Plasma long-chain acylcarnitines were higher among patients with LCHAD deficiency.

LCHAD-deficient patients had similar fasting free fatty acid levels compared with controls (Fig. 4A), and, in both groups, free fatty acid levels decreased similarly after an oral glucose load. Plasma acetylcarnitine concentrations, an indirect marker of acetyl-CoA in the tissue (45), were not different between the two groups (Fig. 4B).

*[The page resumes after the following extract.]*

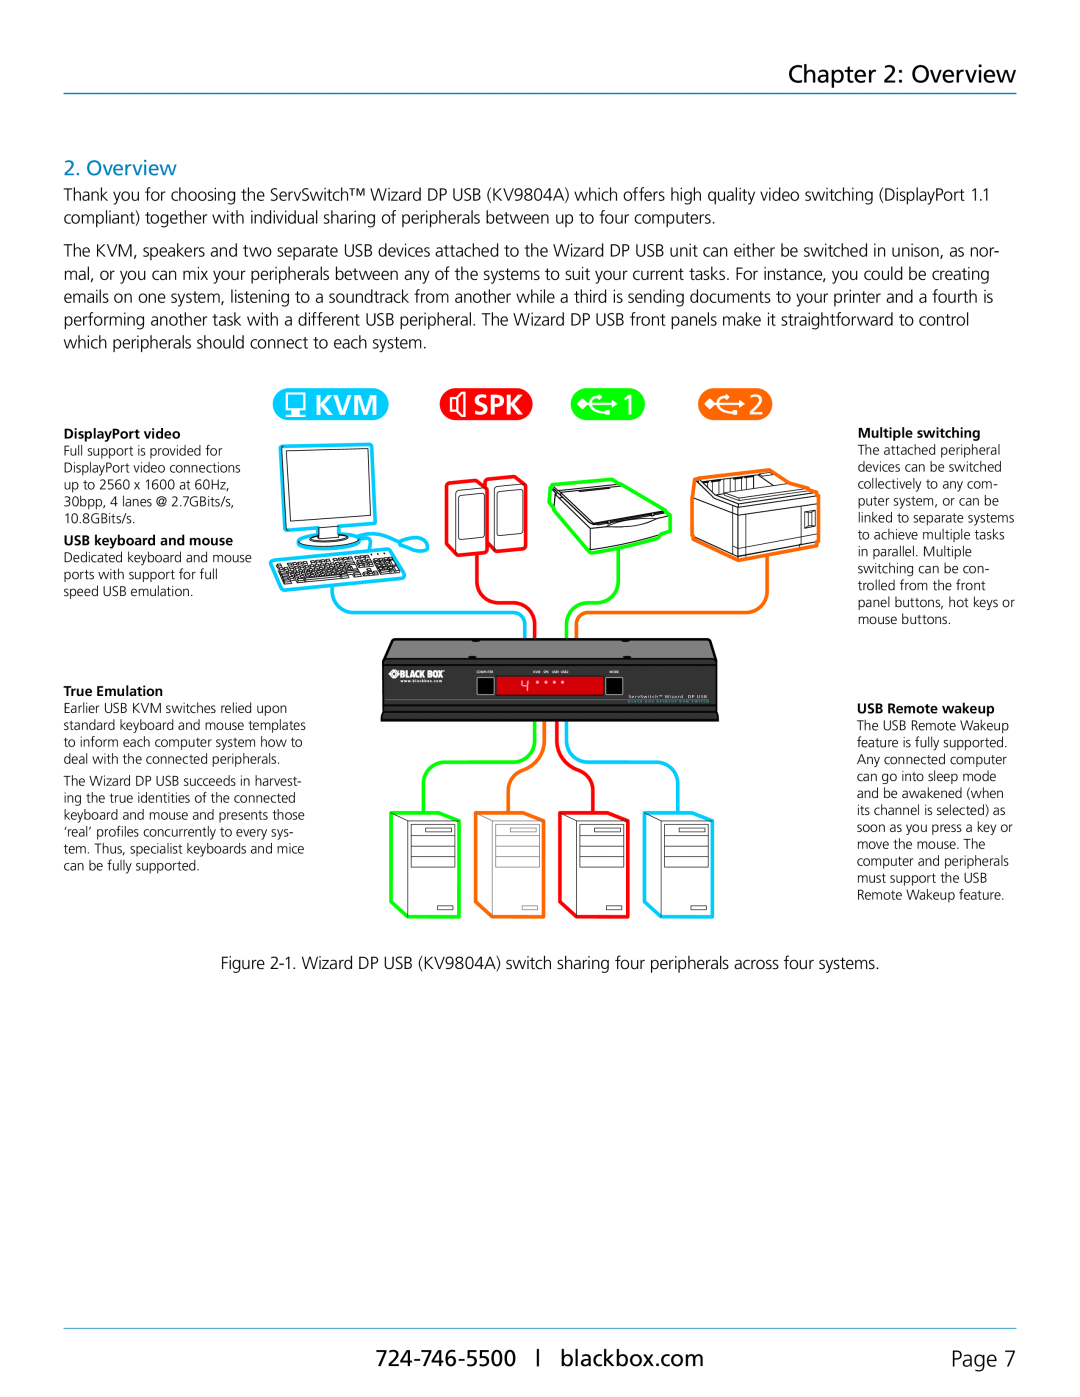 Black Box KV9804A, ServSwitch Wizard DP USB manual Overview, Kvm Spk, Page

As expected given the known enzymatic defects in the LCHAD-deficient patients, the sum of the long-chain acylcarnitines (including C12:1, C12:0, C14:2, C14:1, C14:0, C16:1, C16:0, C18:2, C18:1, and C18:0) was significantly greater, both before and after an oral glucose load, in the patients with LCHAD deficiency compared with controls (Fig. 4E). All of the long-chain acylcarnitine species were significantly greater among LCHAD-deficient patients compared with control subjects (Fig. 5). On the other hand, levels of summed short-chain acylcarnitines (including C3:0, C4:0, C5:1, C5:0, C4-OH, and C5-OH carnitines) (Fig. 4C) and medium-chain acylcarnitines (including C6:0, C8:0, C10:2, C10:1, and C10:0) (Fig. 4D) were not different between the patients and controls. Because some short-chain acylcarnitine species, such as propionylcarnitine, are derived from branched-chain amino acid (BCAA) oxidation and elevated BCAA have been associated with insulin resistance, we measured fasting plasma amino acid profiles and found there was no difference in any of the fasting plasma amino acids, including the BCAA, between patients with LCHAD deficiency and control subjects (Table 3).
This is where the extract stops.